A Higher Place in Heaven "Prequel" to Second Samuel
Wednesday 9 September 2009
At the New Hope plantation just outside the city limits of Second Samuel, there wasn’t much to do in 1925. Miss Madison and Miss Simpson liked to spend their days sitting on the front porch watching and waving as the neighbors drove down the road. But this is a special weekend, tomorrow is Confederate Memorial Day and Miss Madison oldest son is visiting to give a speech in hopes of a political career.
That evening “Son” finds out that Miss Madison, a middle-aged white lady, has rewritten her will and left the family plantation to her lifelong housekeeper and friend Miss Simpson, a black woman.

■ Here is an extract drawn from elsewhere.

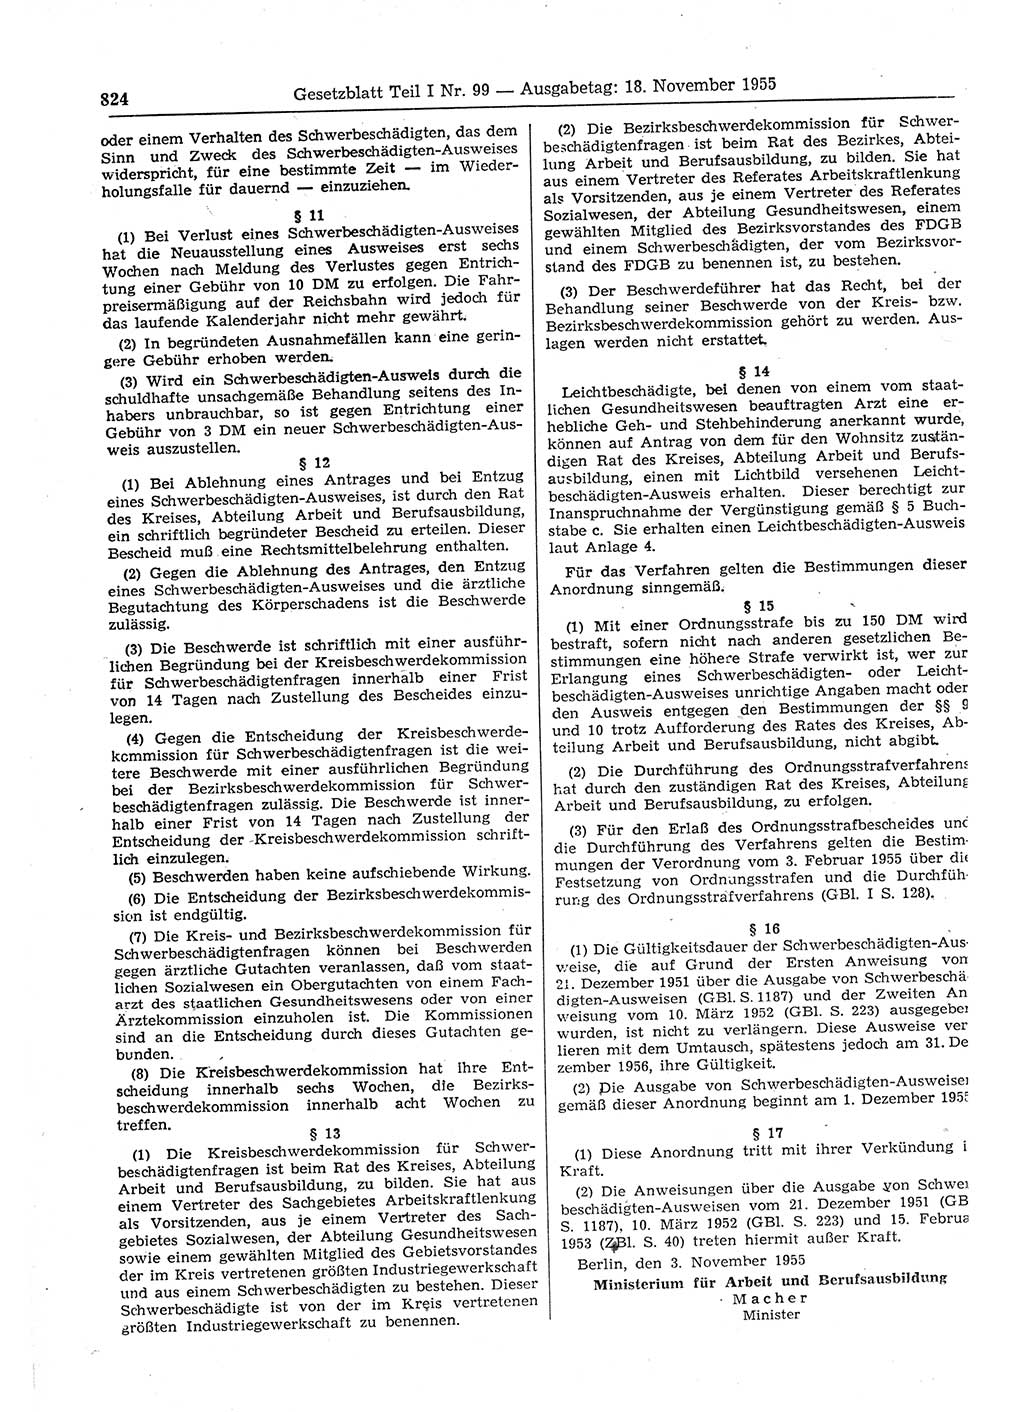 Gesetzblatt (GBl.) der Deutschen Demokratischen Republik (DDR) Teil Ⅰ 1955, Seite 824 (GBl. DDR Ⅰ 1955, S. 824)

Miss Simpson is a child of Madison slaves; she has always lived at New Hope, she helped raise him and his younger brother “Frisky” with her son, “Ulysses”. But “Son” sees black ownership as a dangerous threat to the Madison legacy and Southern society, which was still clinging to confederate ideals.
Also debated on the porch are teenagers Frisky and Ulysses’ futures. Lifelong best friends, they would like to go to college together -- but can they in 1920’s America?
Miss Madison’s daughter-in-law Billie Augusta works to bring her strong-willed husband and equally stubborn mother-in-law together.
It’s a story about people of good will who are trying their best to do the right thing, although they may be misguided in what they assume is right They will have to undergo a change in thinking, but the desire to do what they believe their fathers and mothers and grandfathers desired, makes that change possible.
A Higher Place in Heaven is a compassionate story about race dynamics, family and it explores how a past informs the present and affects the future. Family feuding reveals a long-buried secret in this graceful comedy about friendship, change, and doing the right thing.